**GIVEN DATA:**
________________

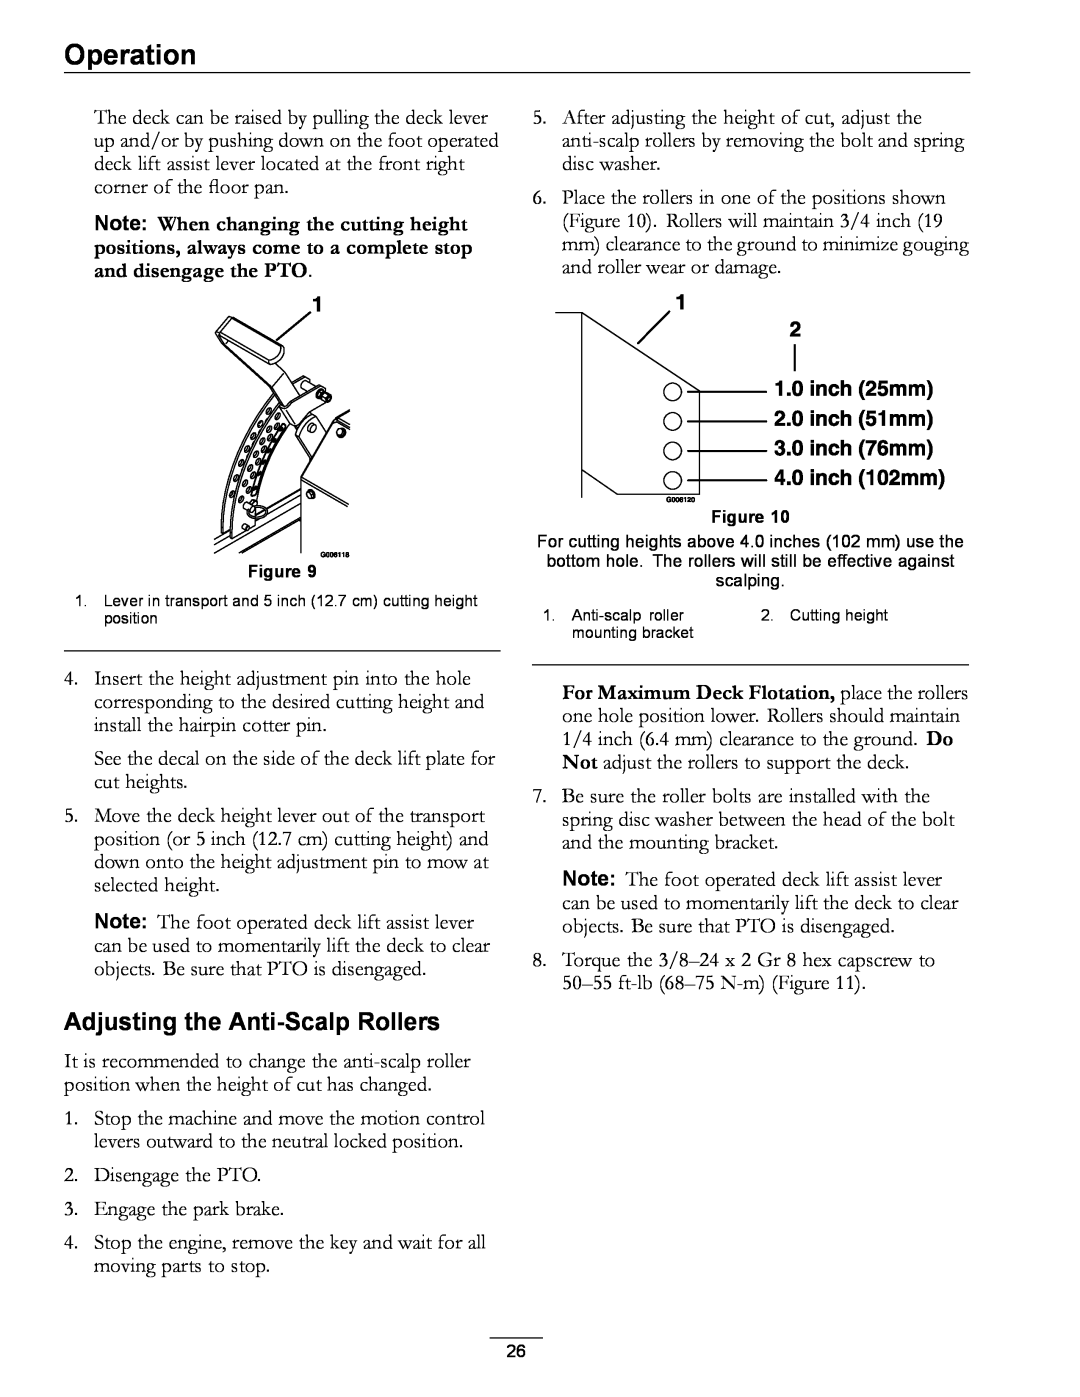 Exmark 920 manual Adjusting the Anti-Scalp Rollers, Operation 
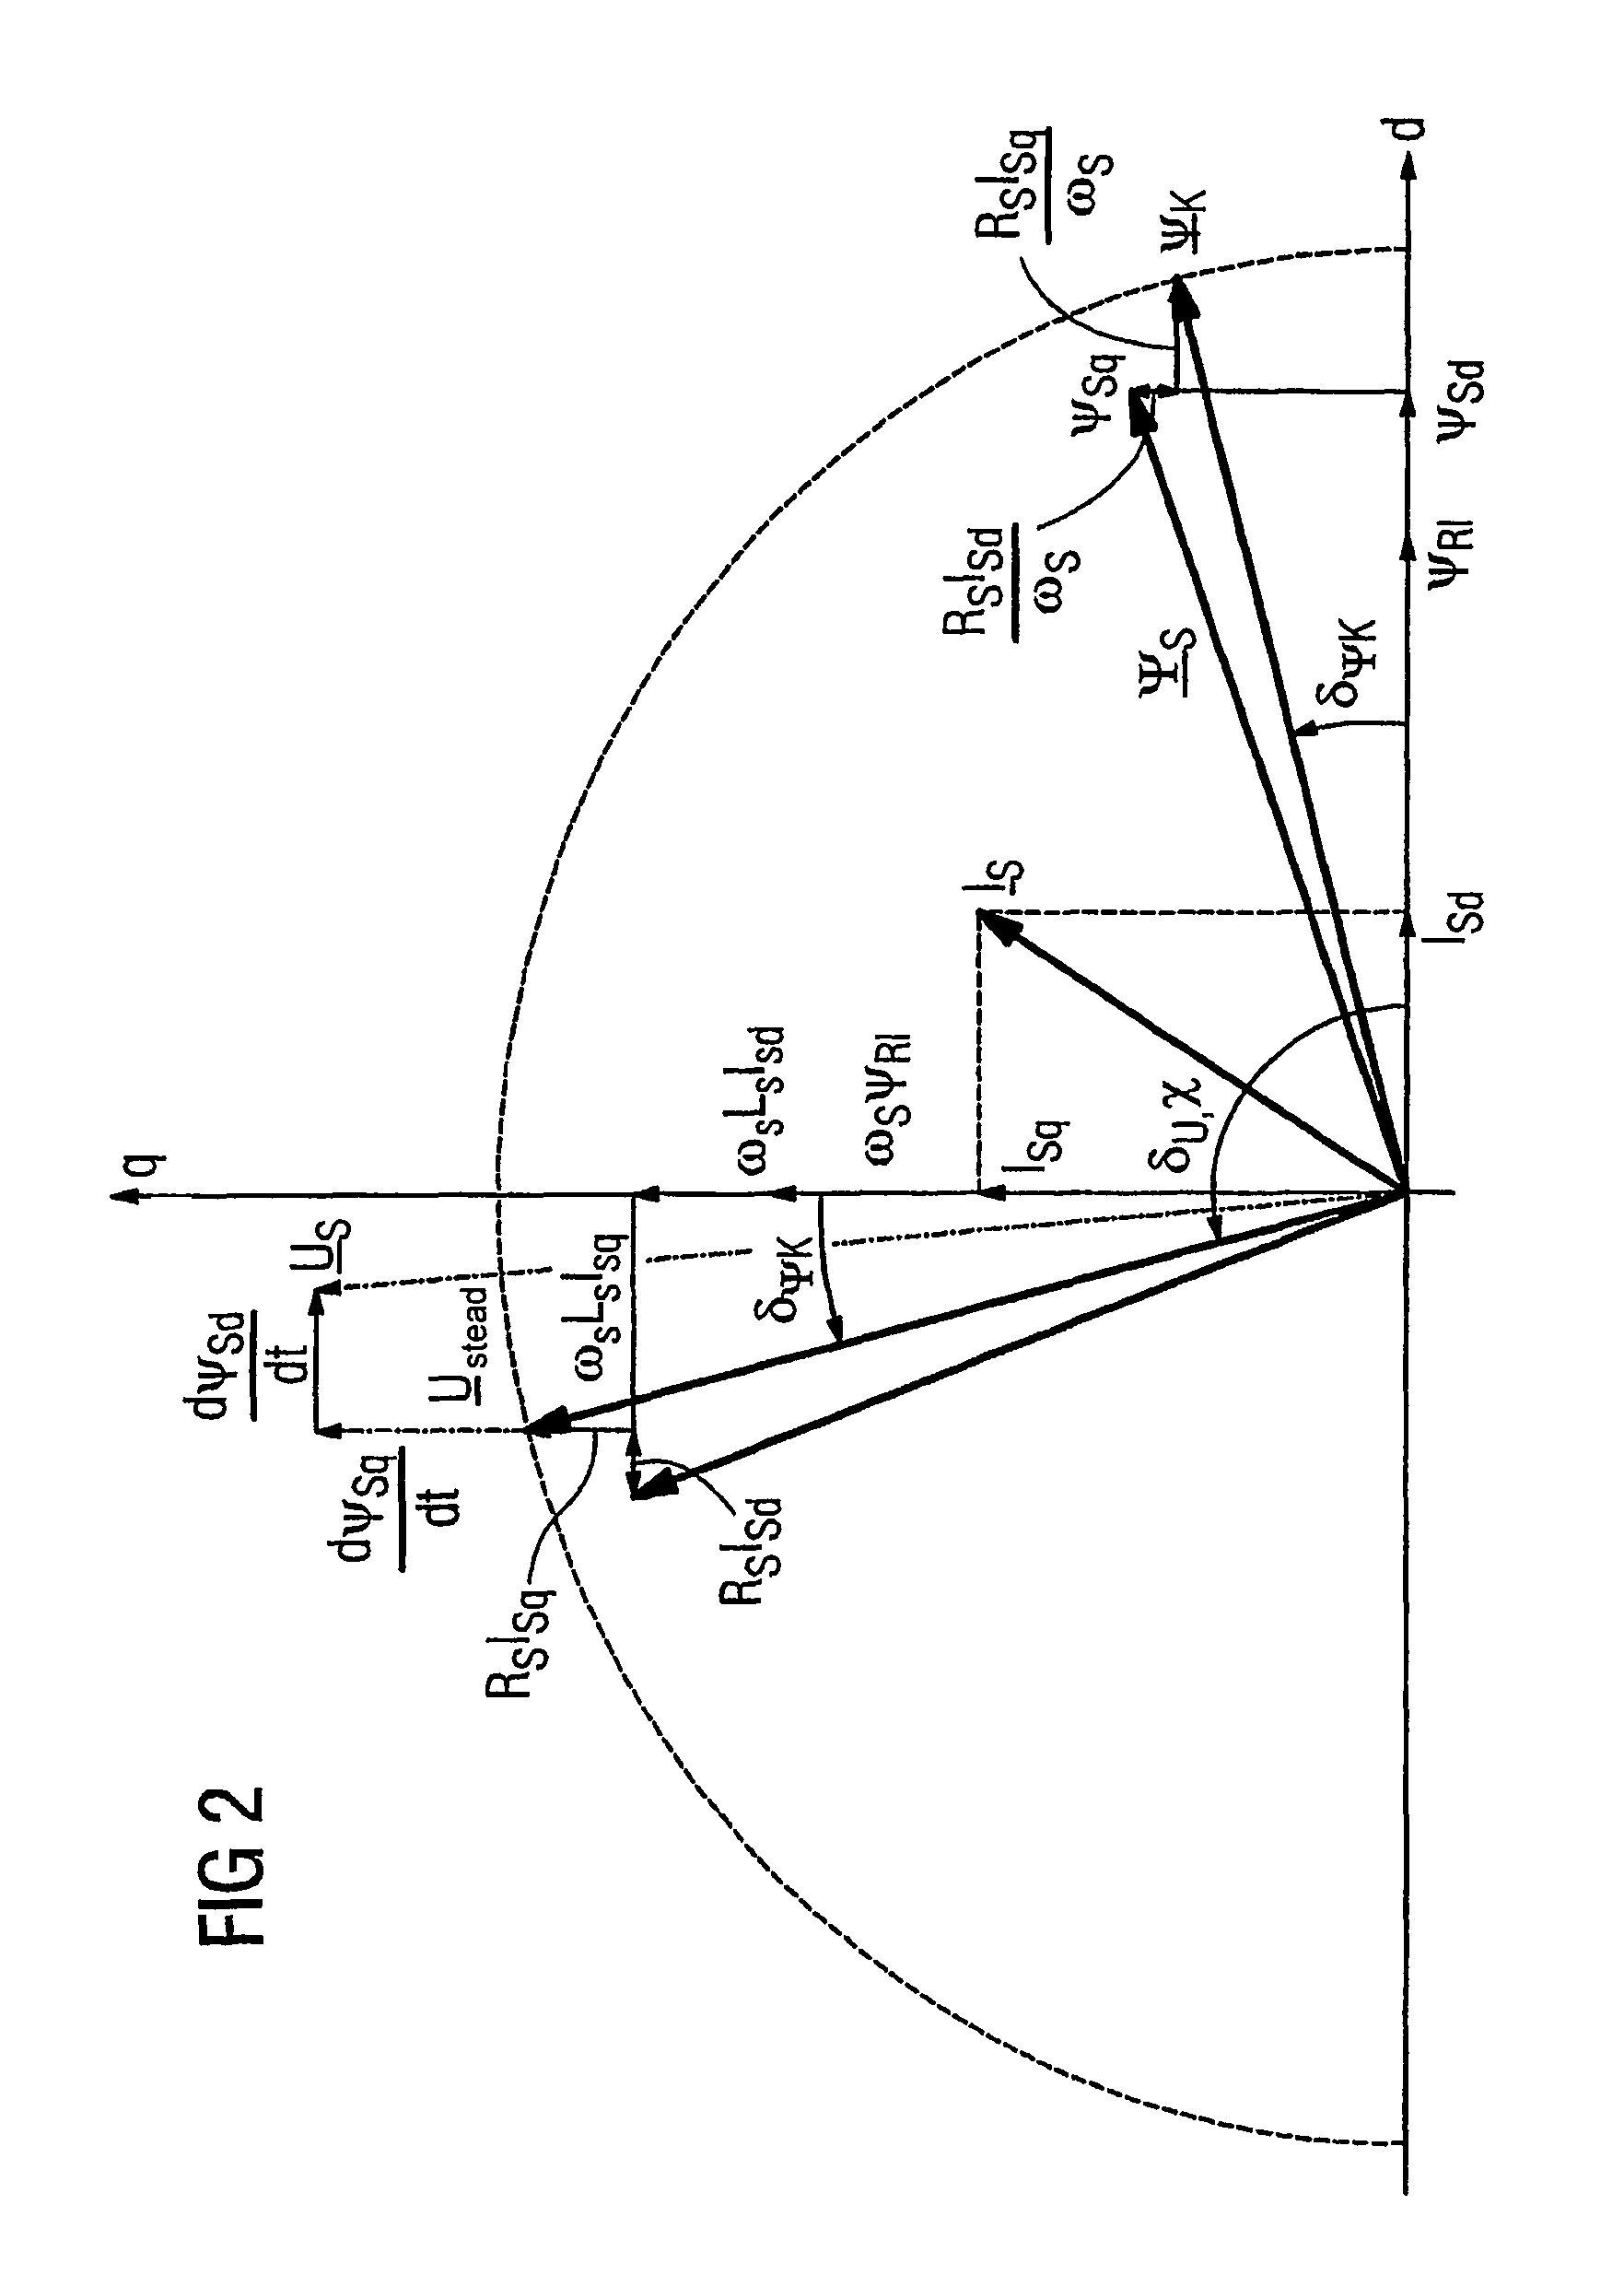 Method for controlled application of a stator current set point value and of a torque set point value for a converter-fed rotating-field machine
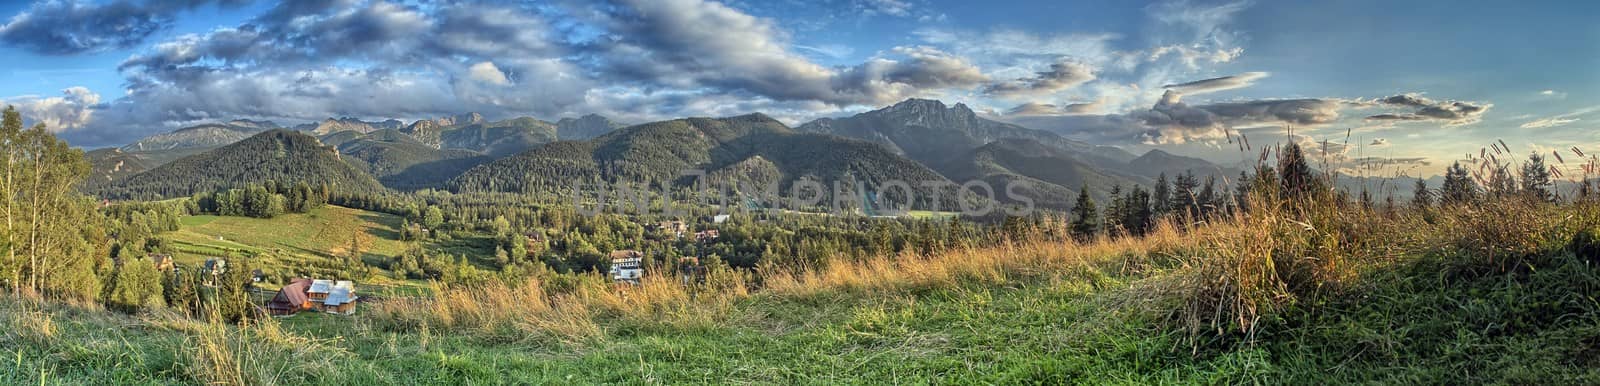 Tatra Mountains - Panorama with view on Giewont by sanzios

________________

**ASSIGNED TASK:**
The expected output is the complete listing, word for word, without any picture.

**OUTPUT FOR THIS EXERCISE:**
 Exmark 920 manual Adjusting the Anti-Scalp Rollers, Operation 
 Method for controlled application of a stator current set point value and of a torque set point value for a converter-fed rotating-field machine
 Tatra Mountains - Panorama with view on Giewont by sanzios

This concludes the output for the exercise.